### Problem statement
With the pictures left aside, write out exactly the lines of the listing below from the line with "Naked amatuer cheerleader strippers" to the line with "hajhullas-elleni-sampon-noknek", both included, and only those.

### Source data
________________________________________

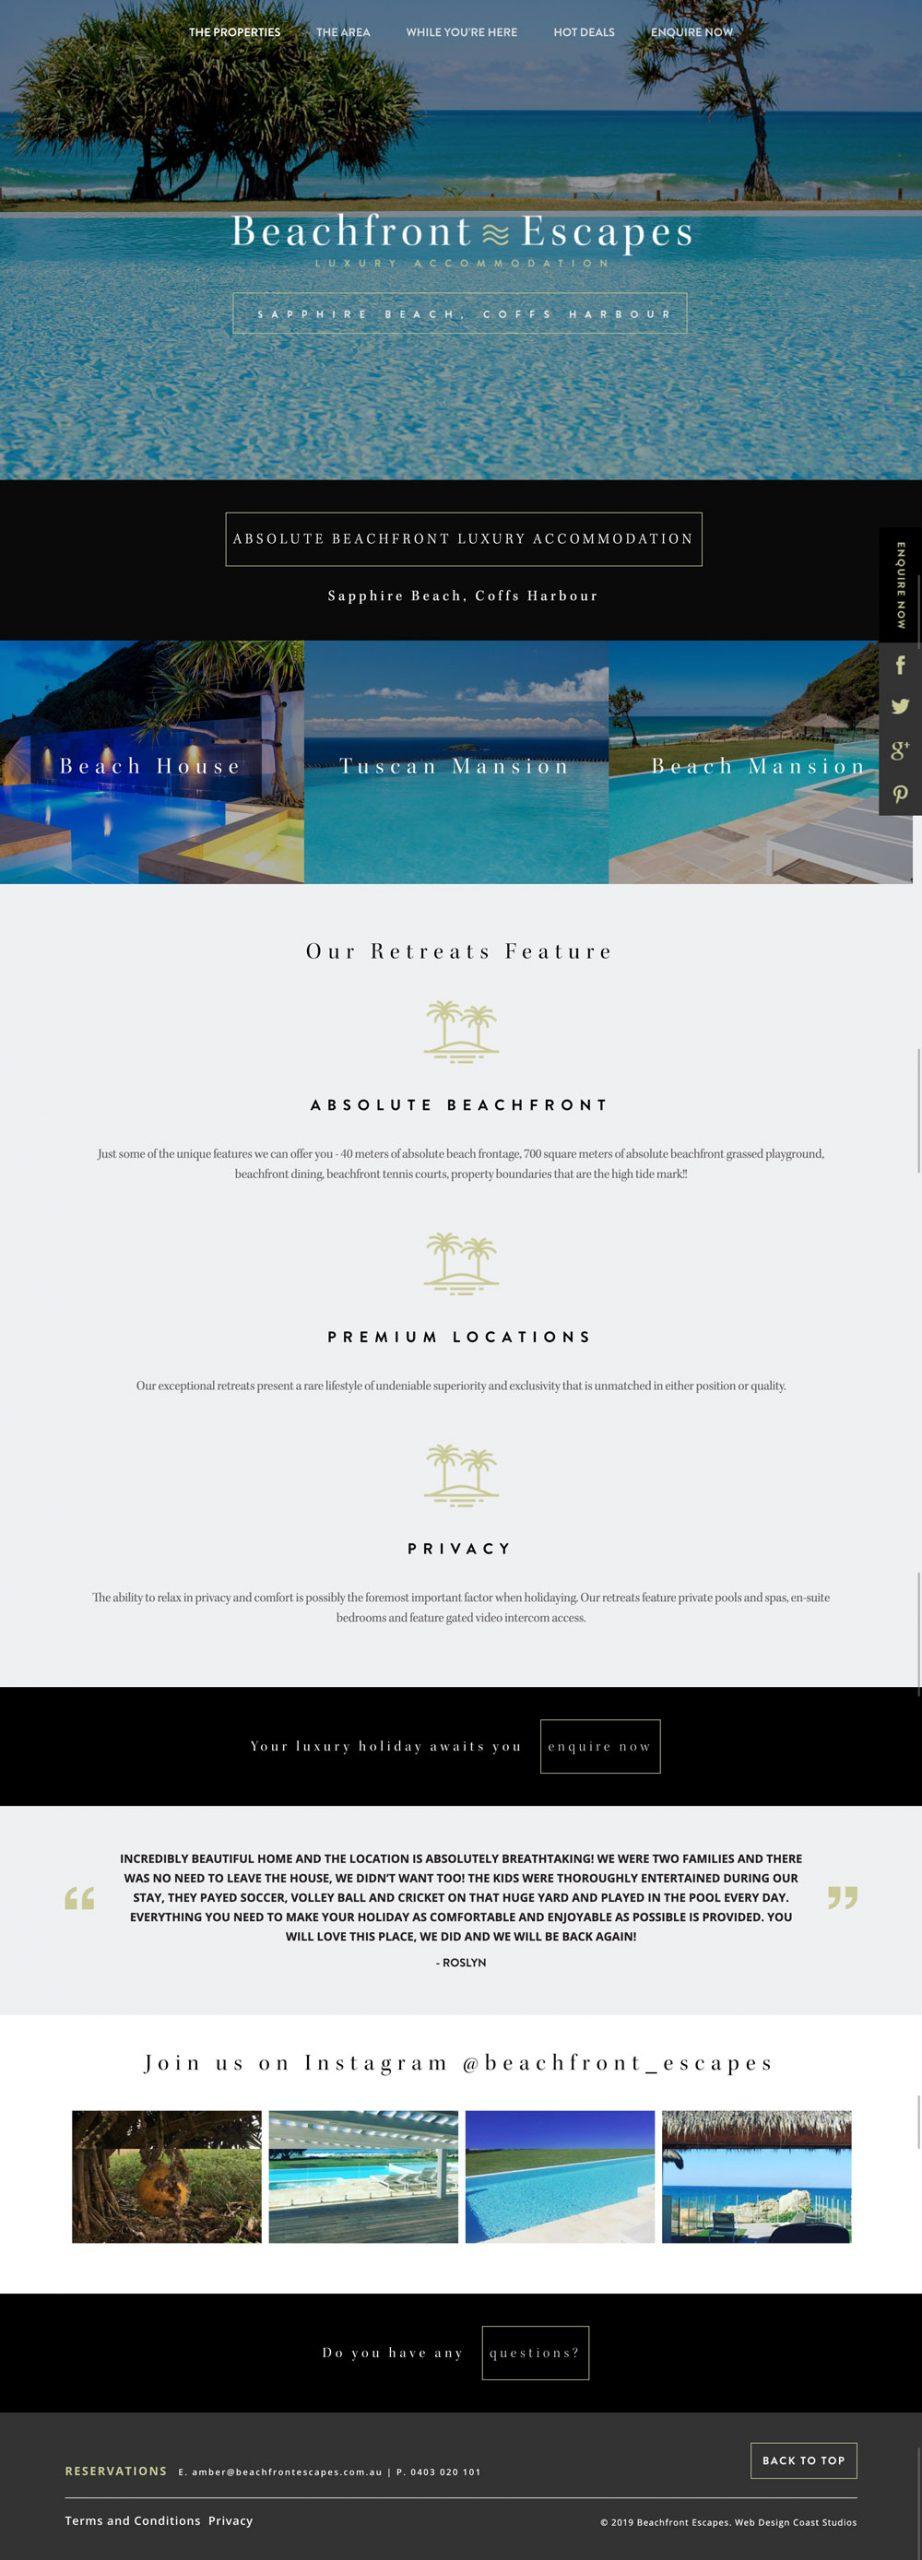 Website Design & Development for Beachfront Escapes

________________________________________

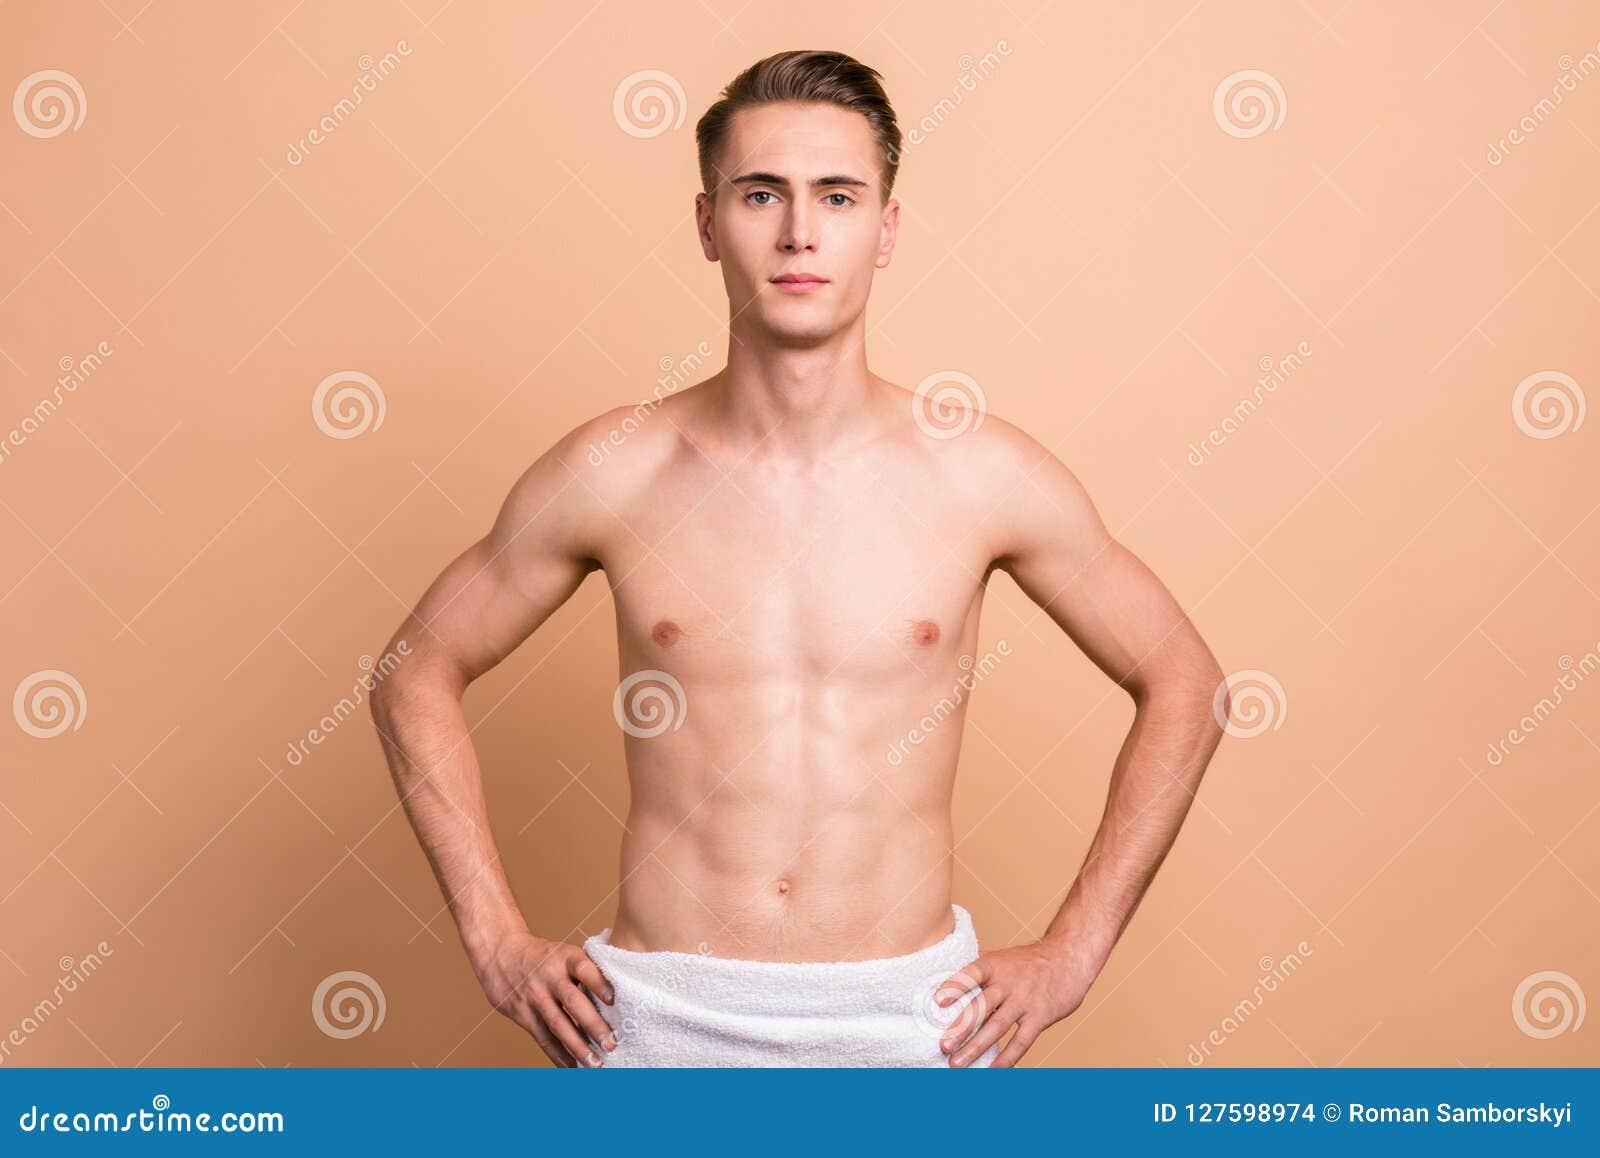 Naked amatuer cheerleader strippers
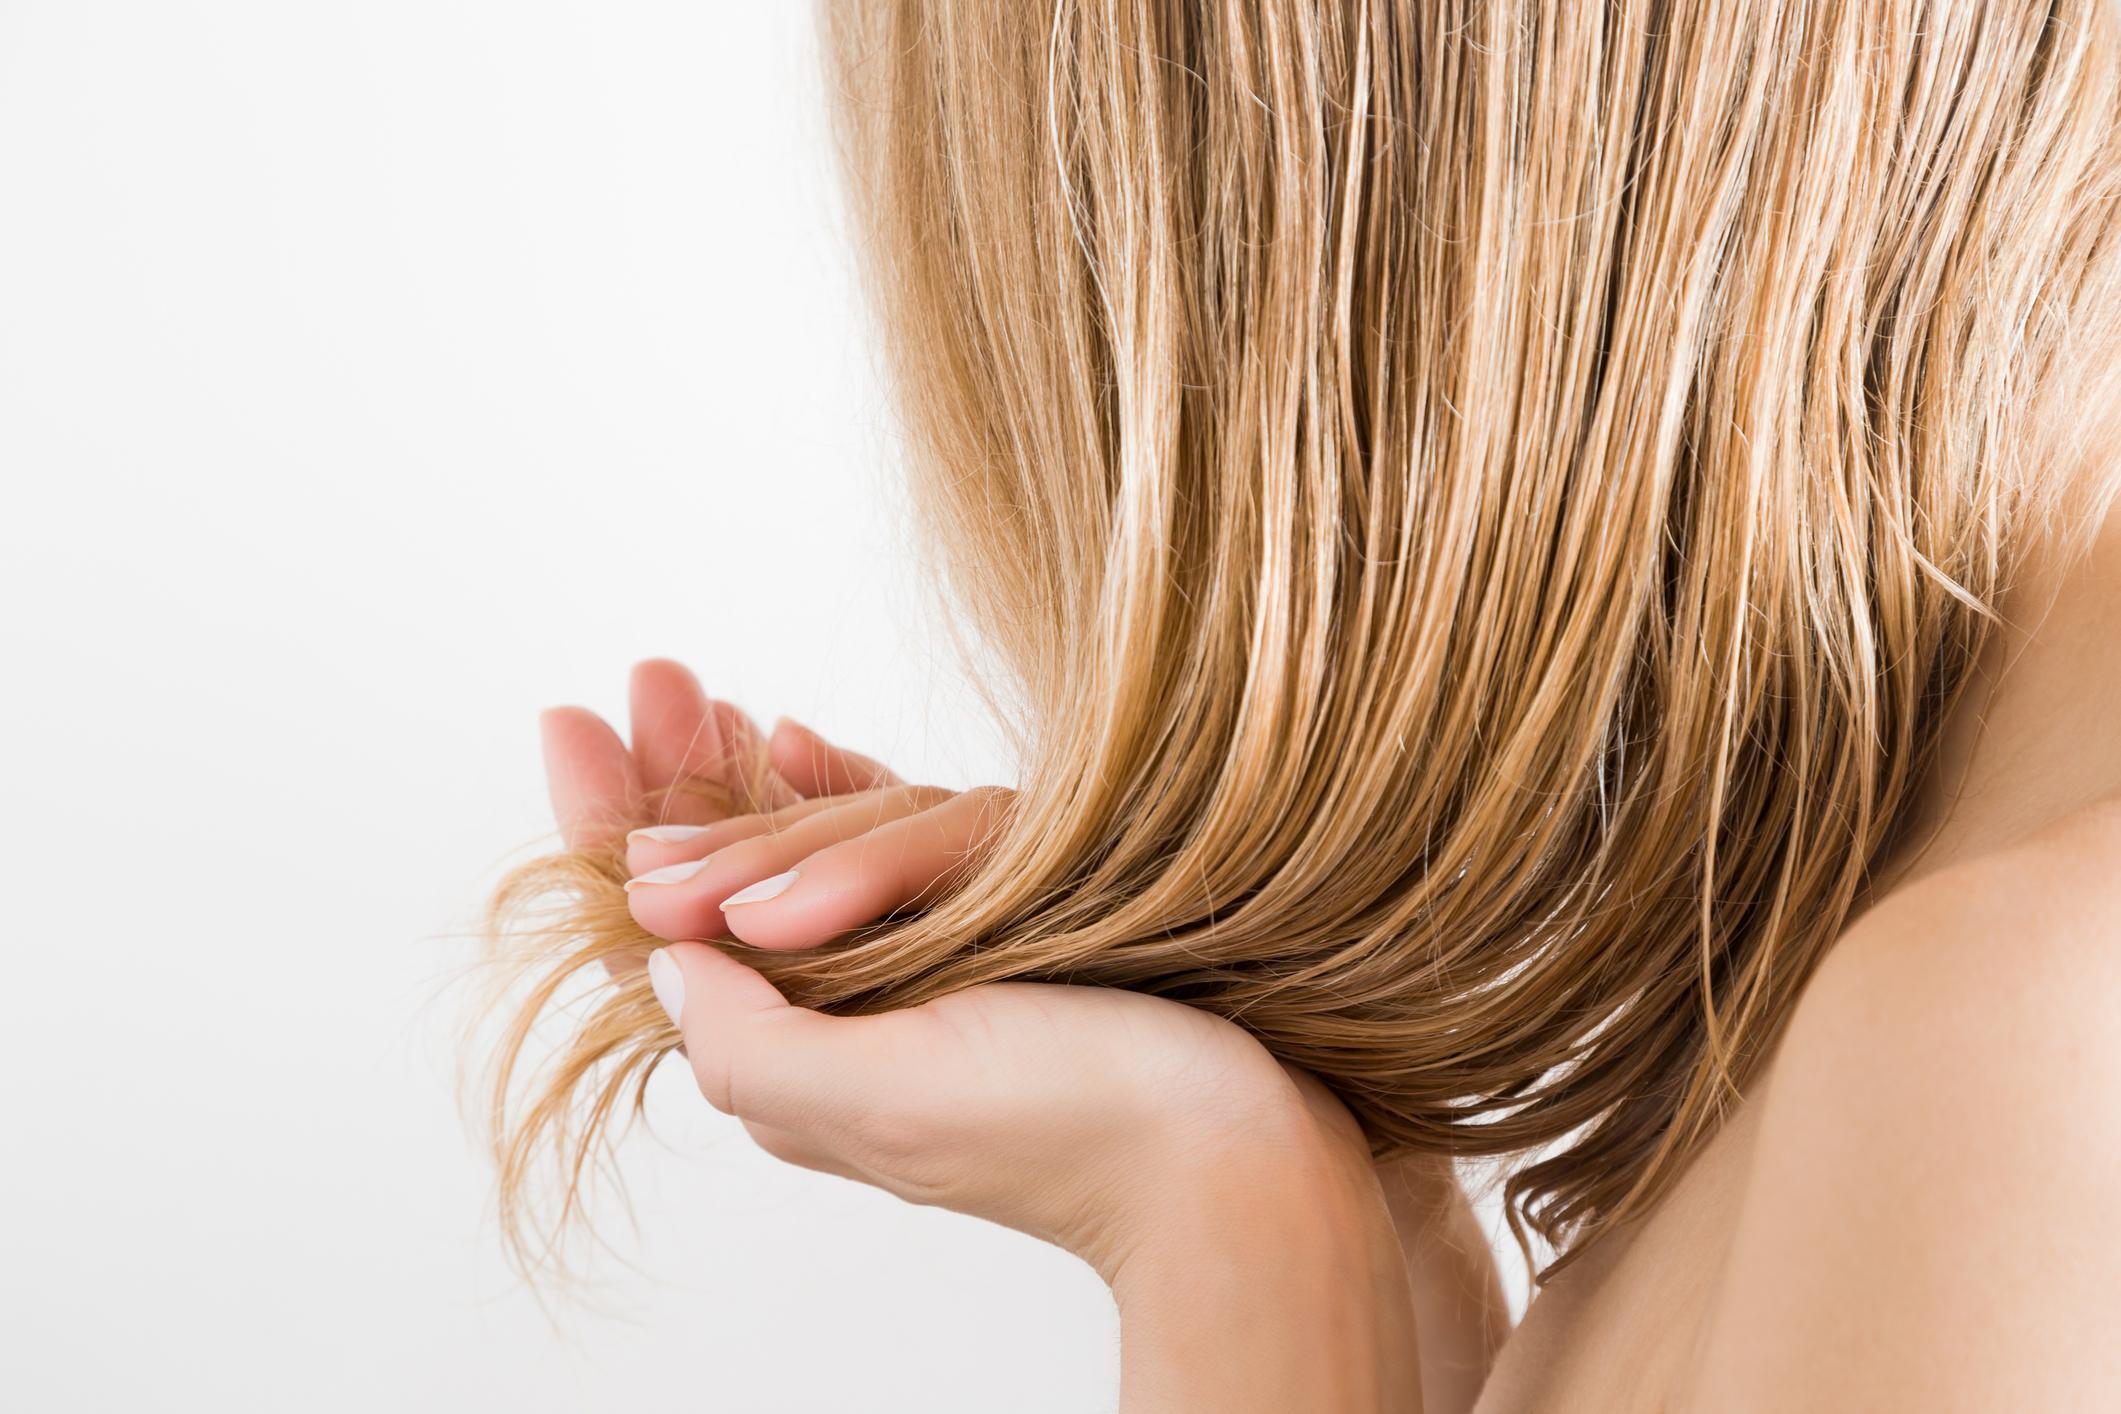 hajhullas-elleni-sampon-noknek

________________________________________

### Expected answer
 Naked amatuer cheerleader strippers
 hajhullas-elleni-sampon-noknek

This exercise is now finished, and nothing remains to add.